-- Task requirements --
From the entries below, reproduce exactly the lines from the one with "Joseph Weghaupt driver" through the one with "中国移动游戏行业趋势报告_1527559577212-11", both included, without images.

-- Records provided --
=== Section Start ===

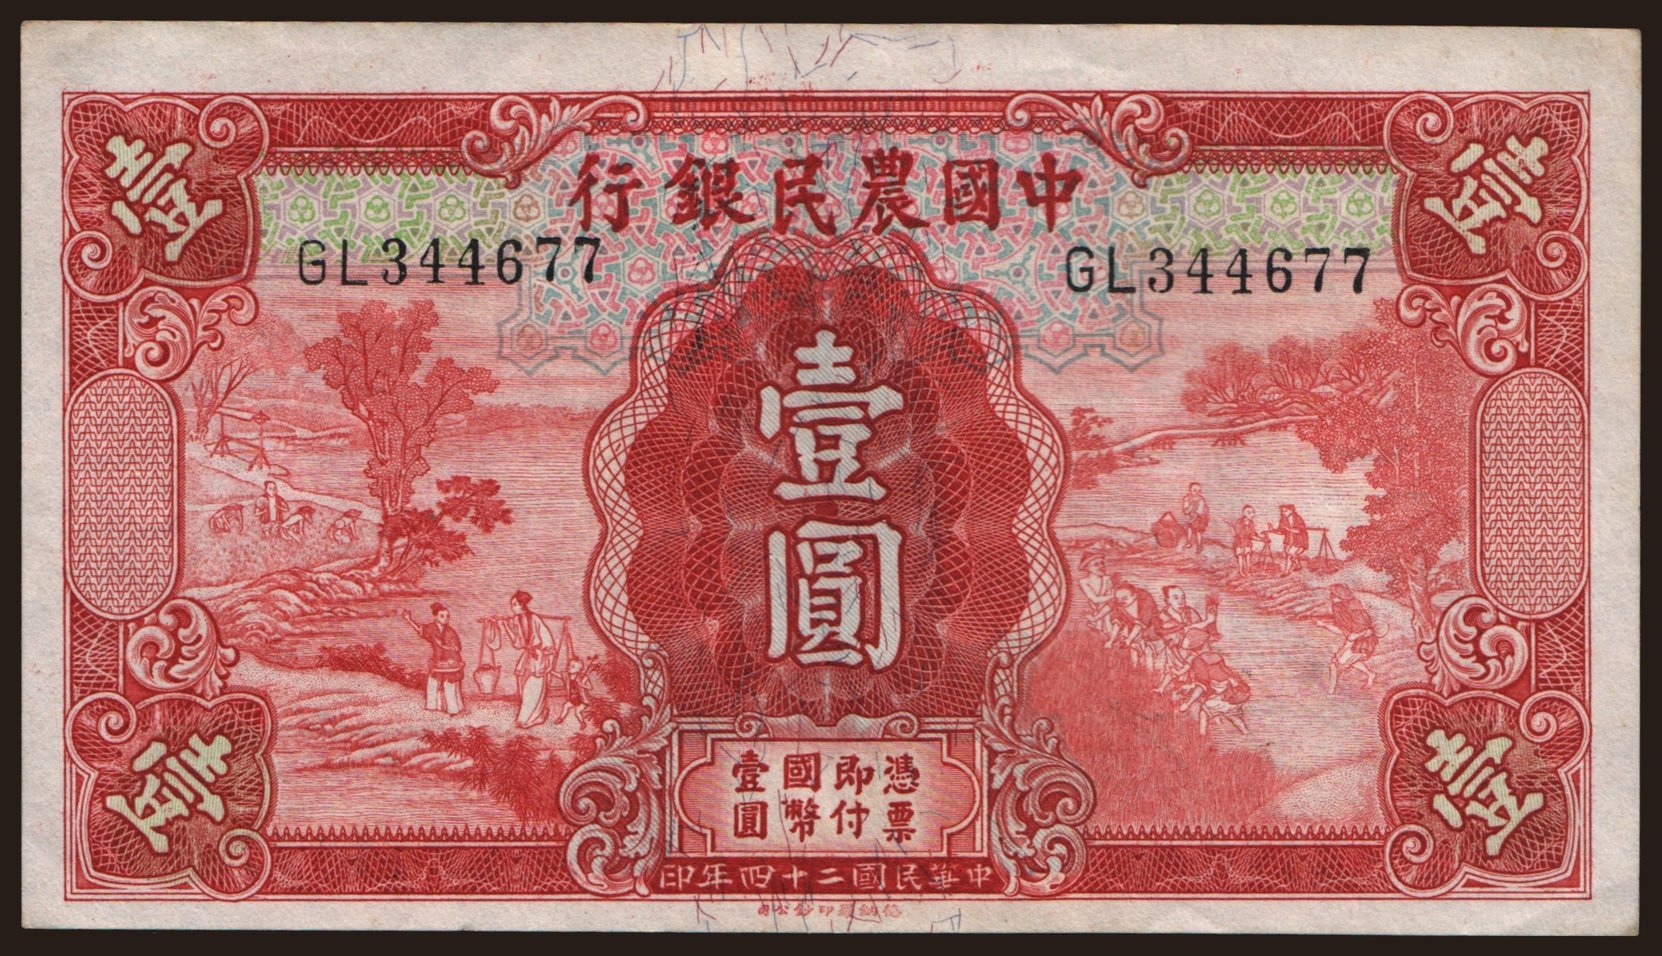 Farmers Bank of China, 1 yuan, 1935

=== Section End ===
=== Section Start ===

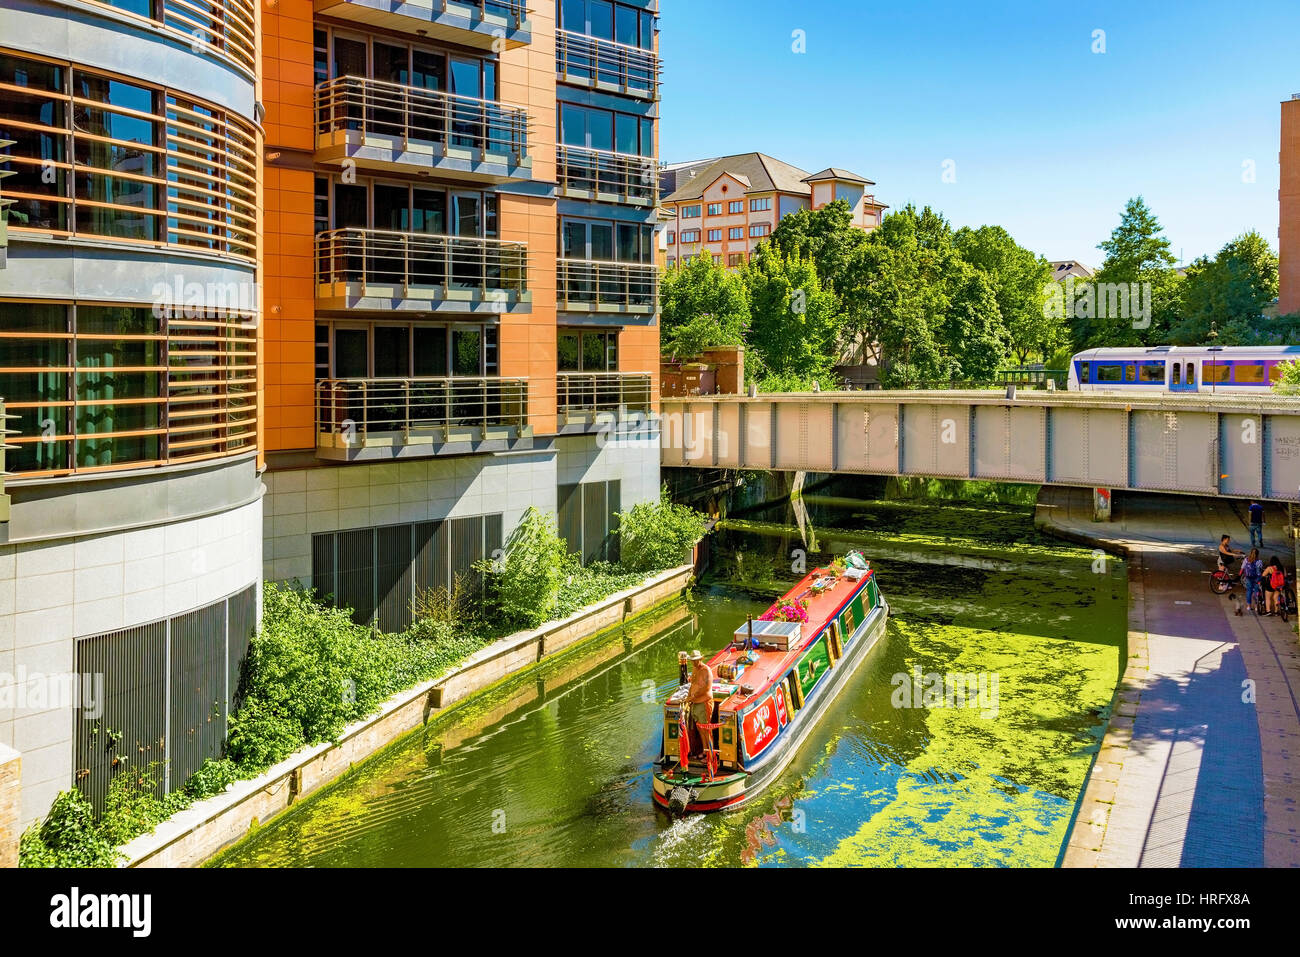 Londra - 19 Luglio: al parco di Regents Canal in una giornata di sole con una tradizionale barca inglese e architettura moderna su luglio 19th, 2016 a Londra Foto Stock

=== Section End ===
=== Section Start ===

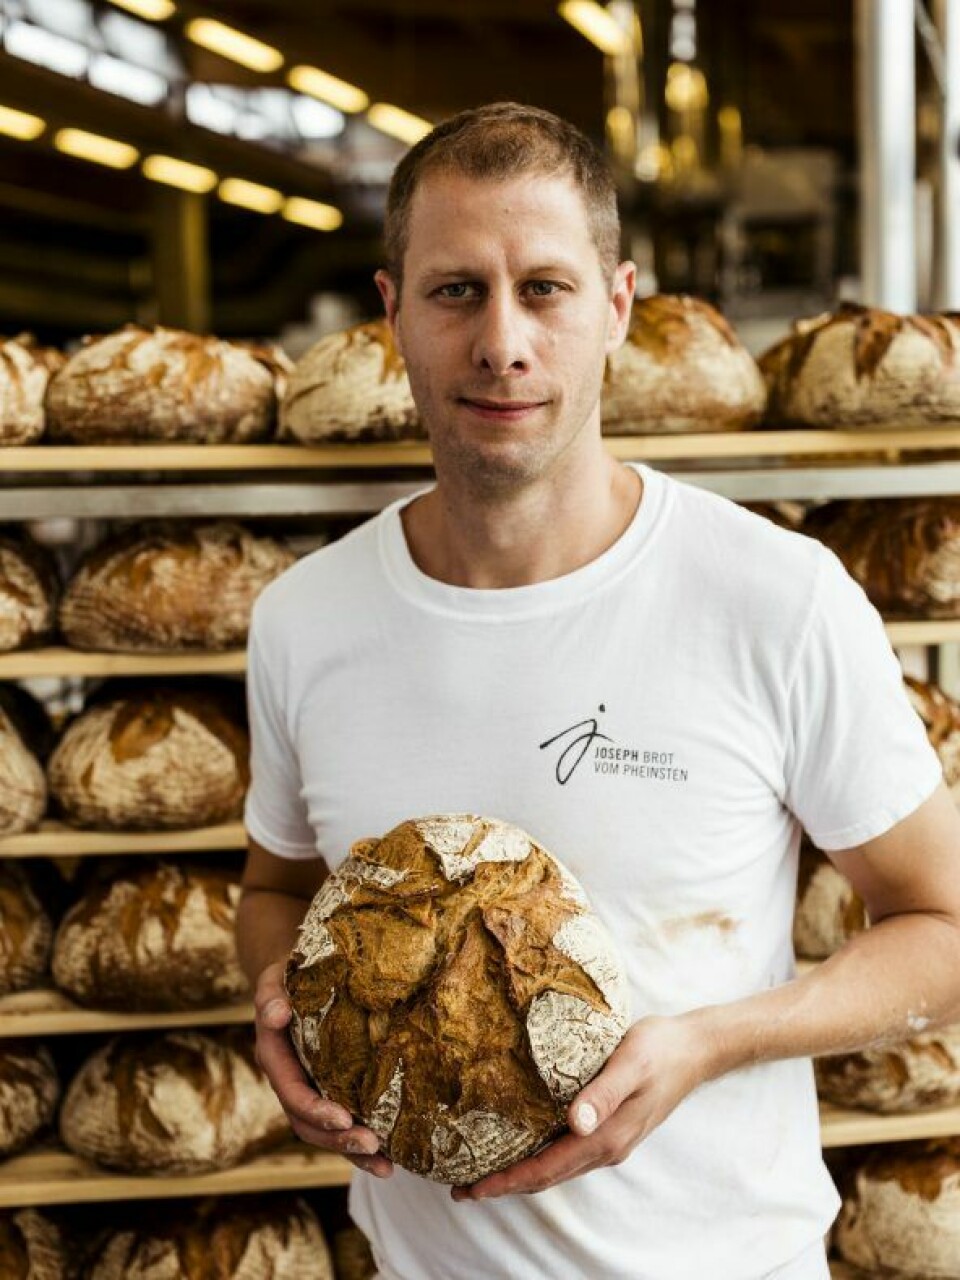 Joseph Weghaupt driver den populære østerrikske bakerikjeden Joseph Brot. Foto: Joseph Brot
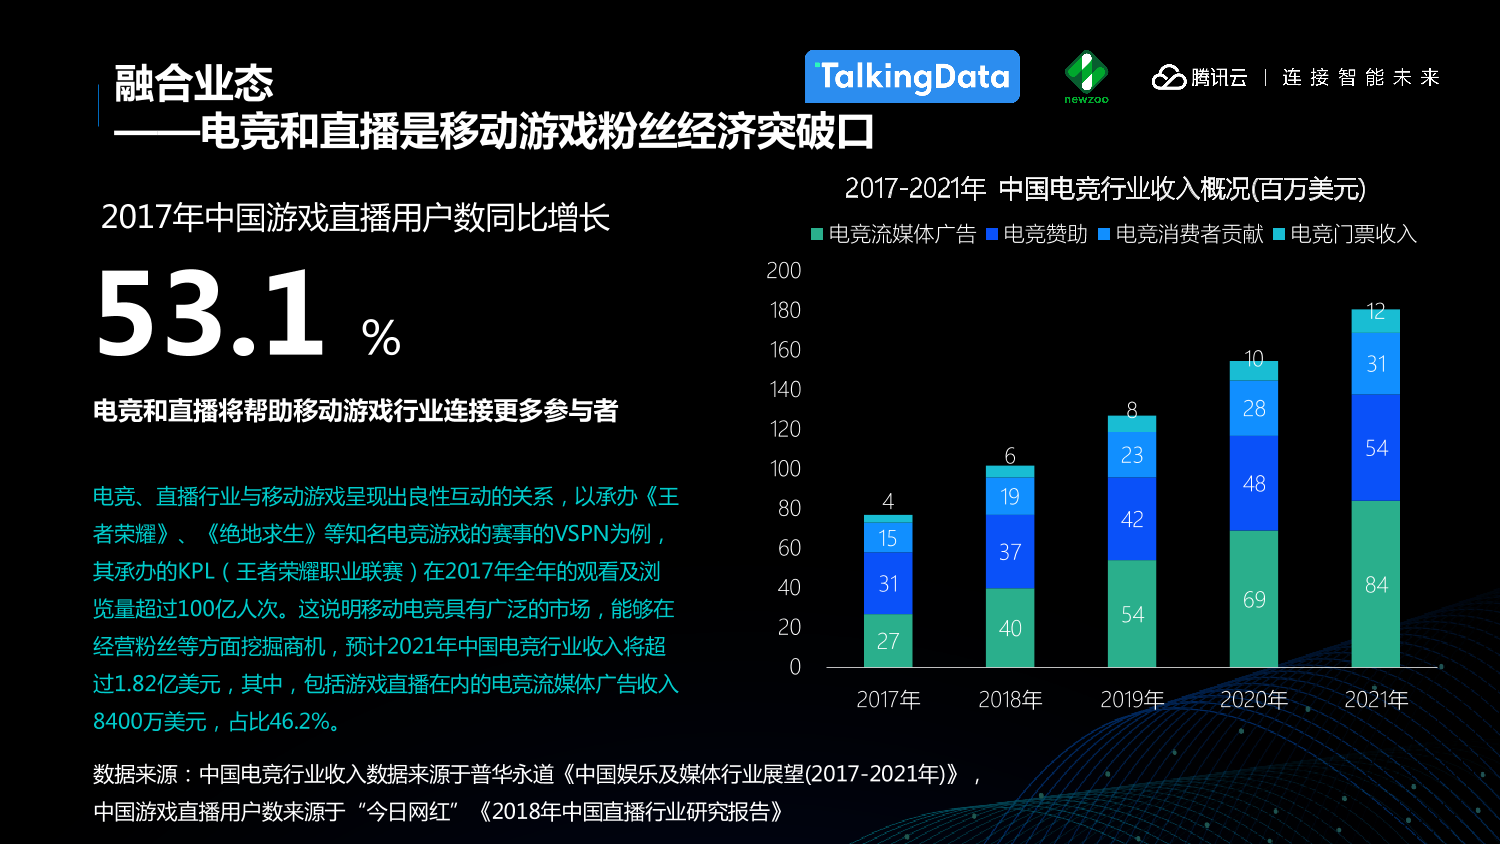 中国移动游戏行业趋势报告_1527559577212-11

=== Section End ===

-- Response area --
 Joseph Weghaupt driver den populære østerrikske bakerikjeden Joseph Brot. Foto: Joseph Brot
 中国移动游戏行业趋势报告_1527559577212-11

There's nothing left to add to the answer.